**Given records**
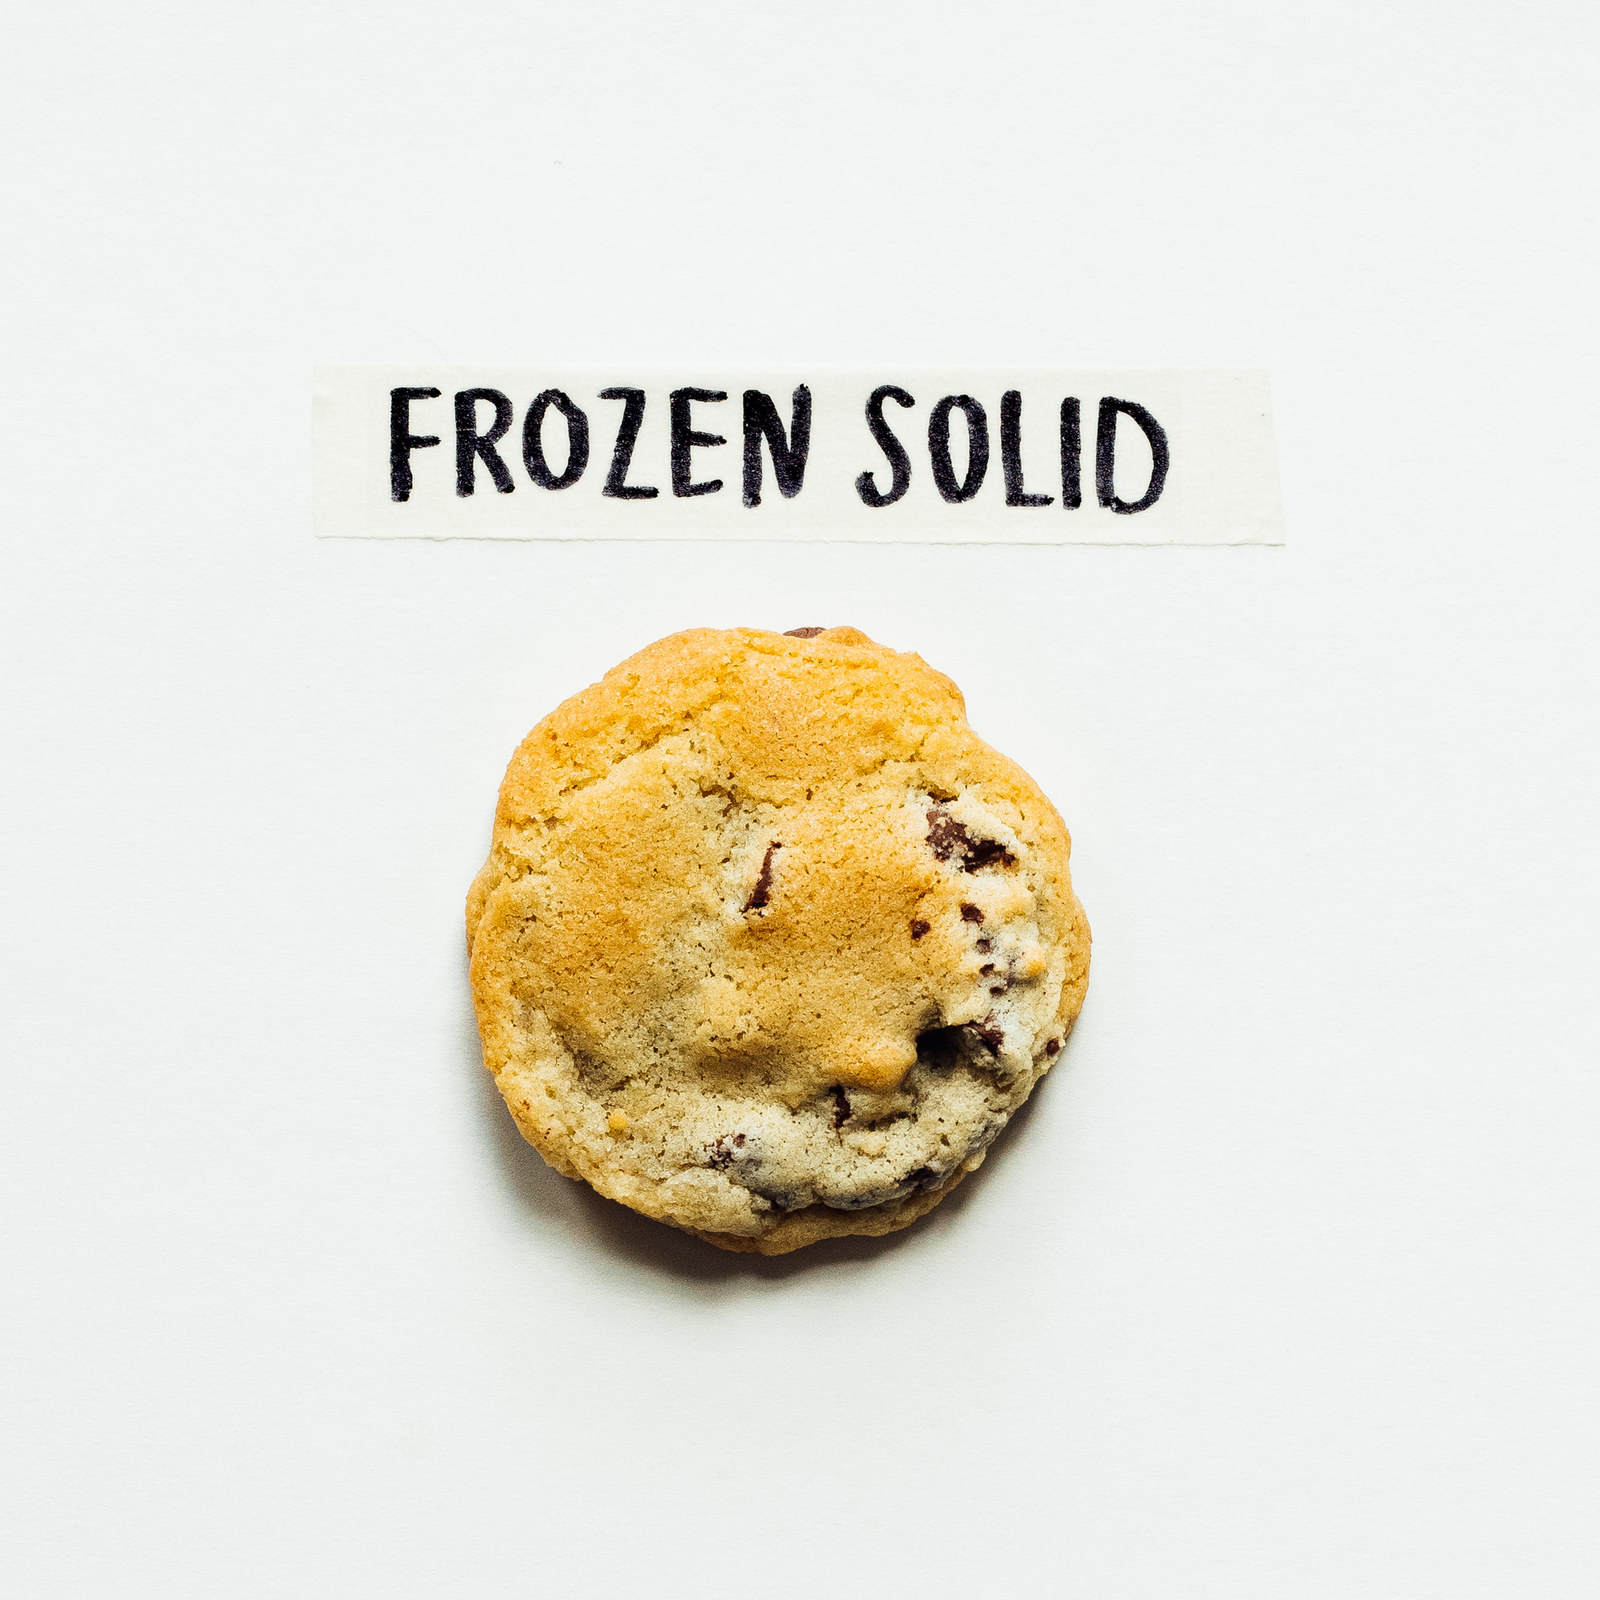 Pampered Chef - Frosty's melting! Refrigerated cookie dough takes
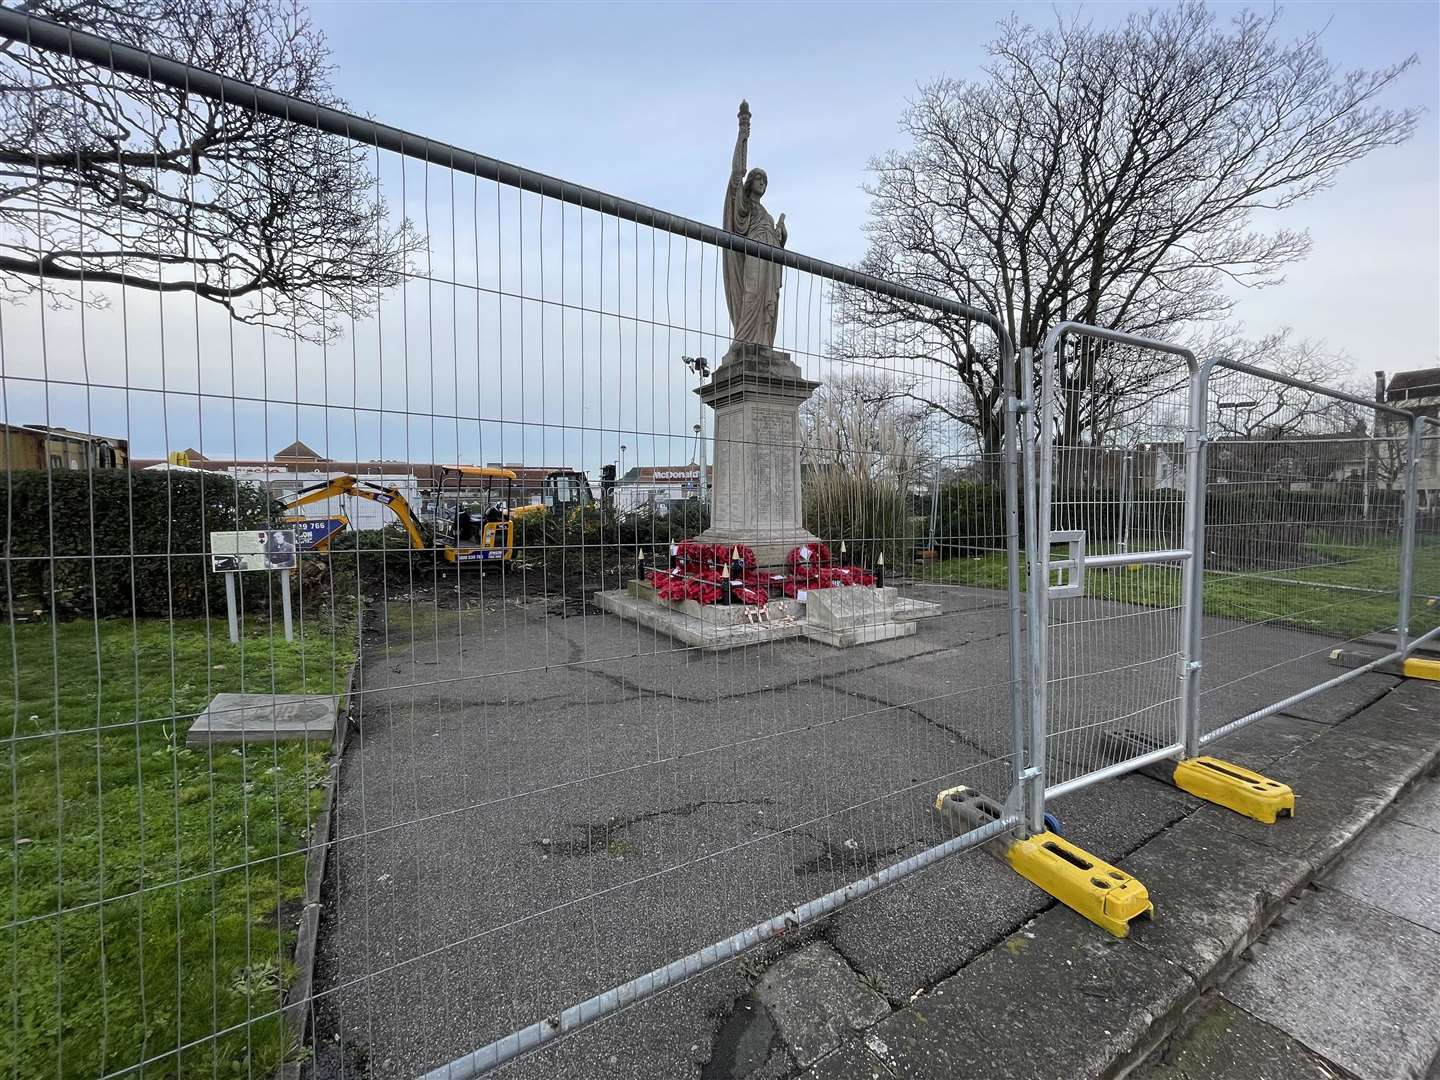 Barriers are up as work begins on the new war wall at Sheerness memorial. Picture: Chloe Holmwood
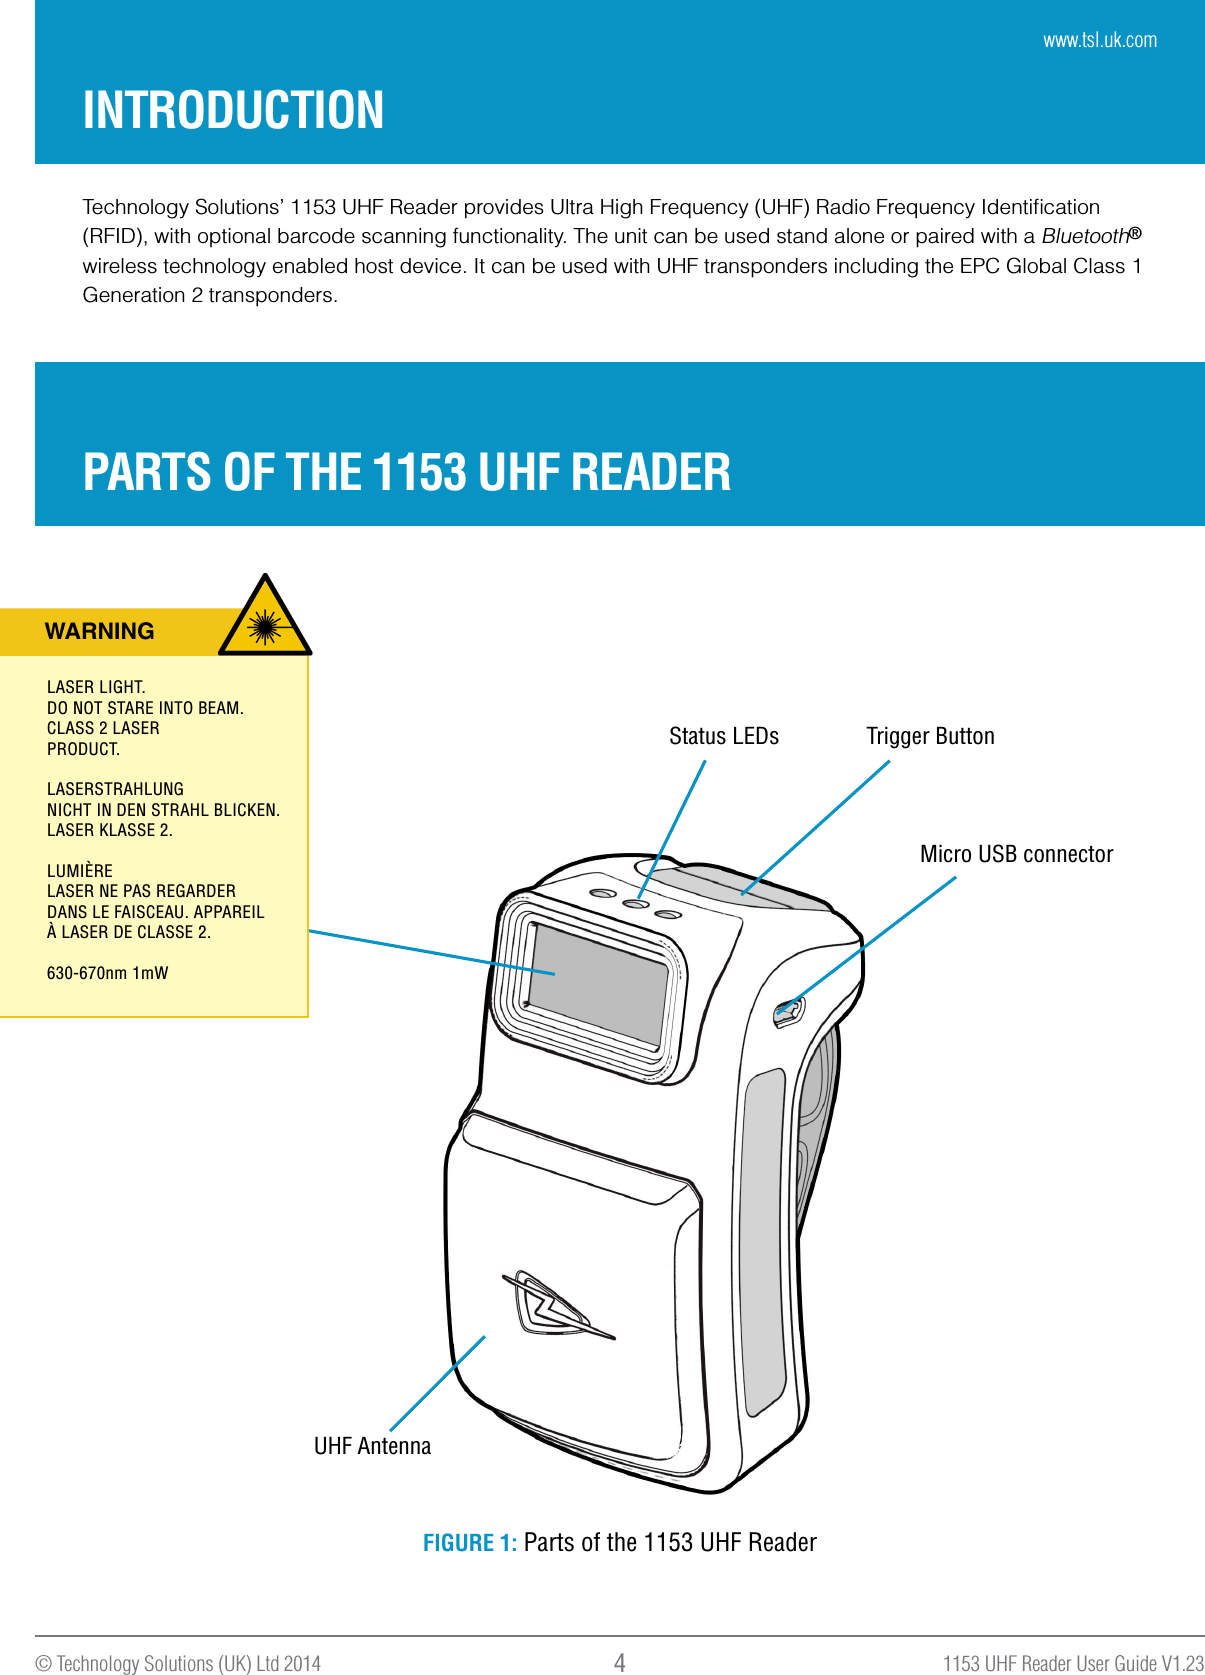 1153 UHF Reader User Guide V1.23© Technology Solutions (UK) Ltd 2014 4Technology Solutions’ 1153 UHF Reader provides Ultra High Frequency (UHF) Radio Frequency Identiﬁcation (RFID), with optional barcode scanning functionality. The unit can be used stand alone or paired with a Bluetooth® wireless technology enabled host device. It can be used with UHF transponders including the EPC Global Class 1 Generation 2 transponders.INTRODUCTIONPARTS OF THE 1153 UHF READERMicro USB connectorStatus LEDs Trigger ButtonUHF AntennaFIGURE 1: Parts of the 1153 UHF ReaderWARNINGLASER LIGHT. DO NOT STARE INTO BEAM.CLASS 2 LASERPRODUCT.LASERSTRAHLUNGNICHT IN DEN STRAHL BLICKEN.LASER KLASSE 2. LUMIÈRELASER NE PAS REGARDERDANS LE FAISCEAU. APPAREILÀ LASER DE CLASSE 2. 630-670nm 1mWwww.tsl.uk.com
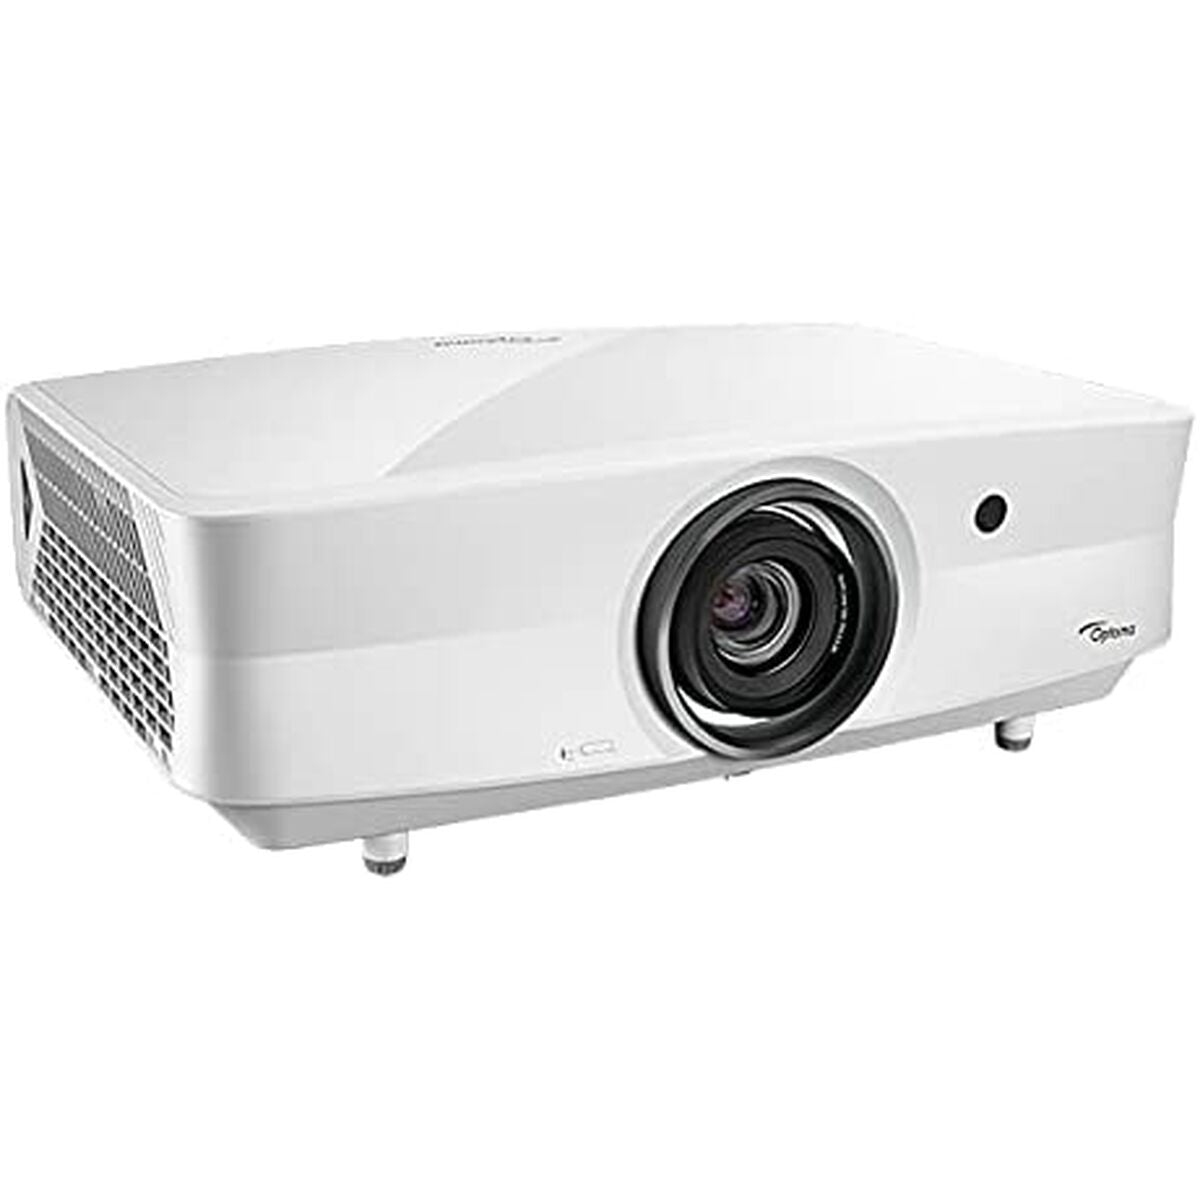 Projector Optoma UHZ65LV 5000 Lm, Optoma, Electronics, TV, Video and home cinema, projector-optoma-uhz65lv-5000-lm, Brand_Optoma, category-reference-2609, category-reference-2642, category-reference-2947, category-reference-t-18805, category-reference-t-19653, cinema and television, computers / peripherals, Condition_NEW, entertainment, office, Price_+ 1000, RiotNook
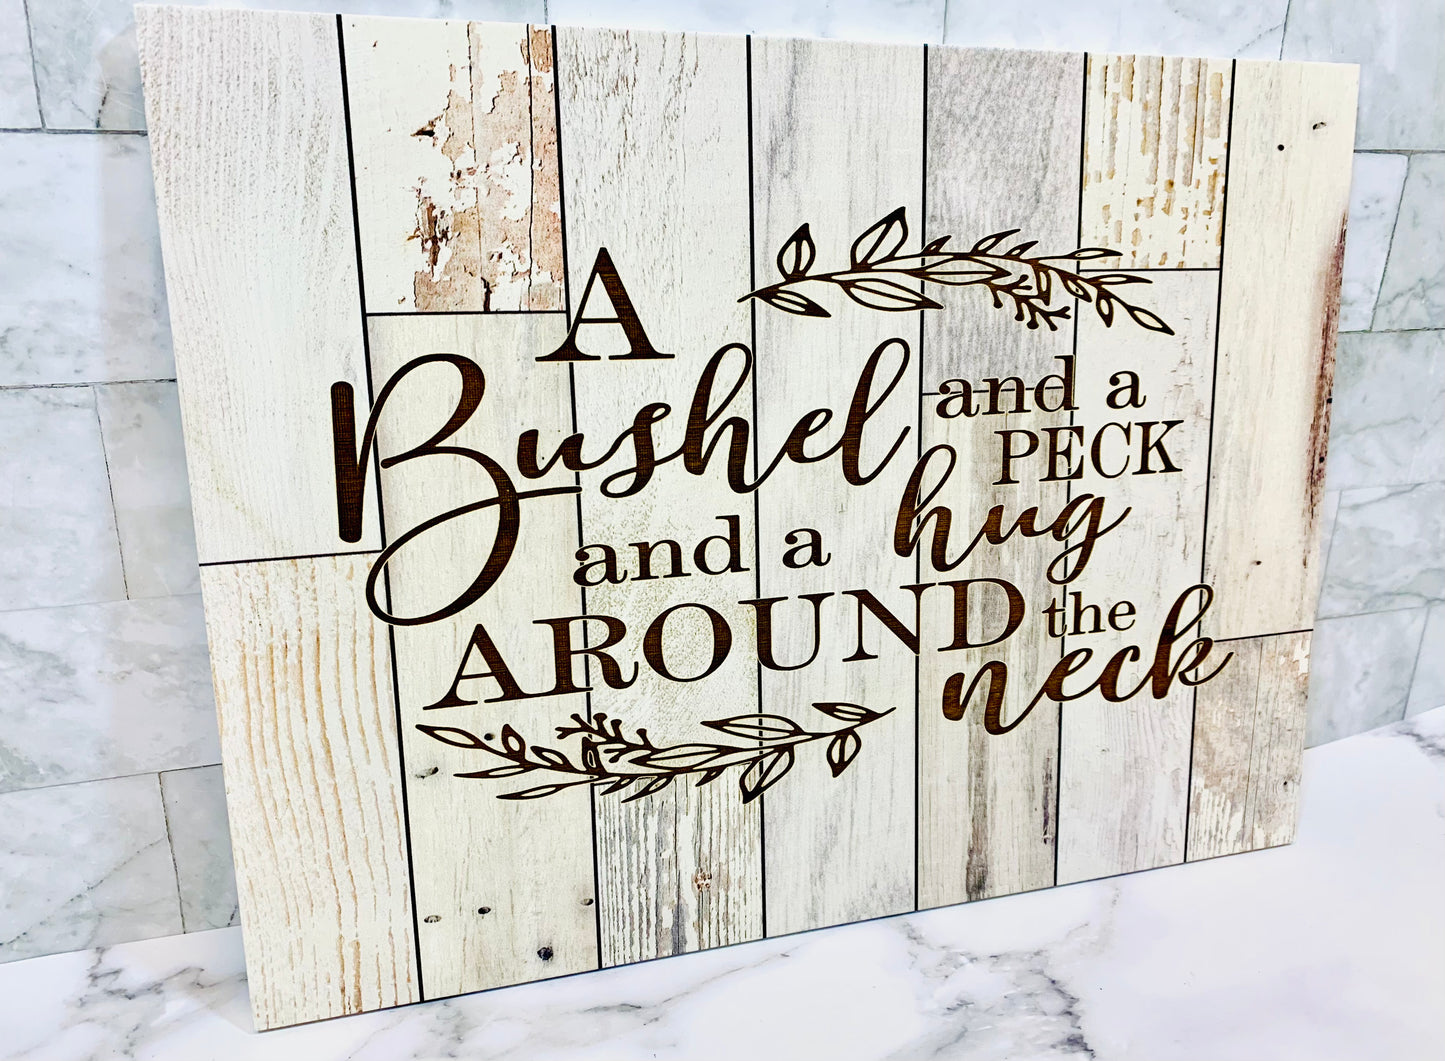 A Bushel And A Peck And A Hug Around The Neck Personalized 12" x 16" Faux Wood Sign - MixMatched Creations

**Problem to solve**
Repeat exactly the lines from the one containing "Projector Optoma UHZ65LV" to the last line of the data above, both included, and write no pictures into the copy.

**Written answer**
 Projector Optoma UHZ65LV 5000 Lm, Optoma, Electronics, TV, Video and home cinema, projector-optoma-uhz65lv-5000-lm, Brand_Optoma, category-reference-2609, category-reference-2642, category-reference-2947, category-reference-t-18805, category-reference-t-19653, cinema and television, computers / peripherals, Condition_NEW, entertainment, office, Price_+ 1000, RiotNook
 A Bushel And A Peck And A Hug Around The Neck Personalized 12" x 16" Faux Wood Sign - MixMatched Creations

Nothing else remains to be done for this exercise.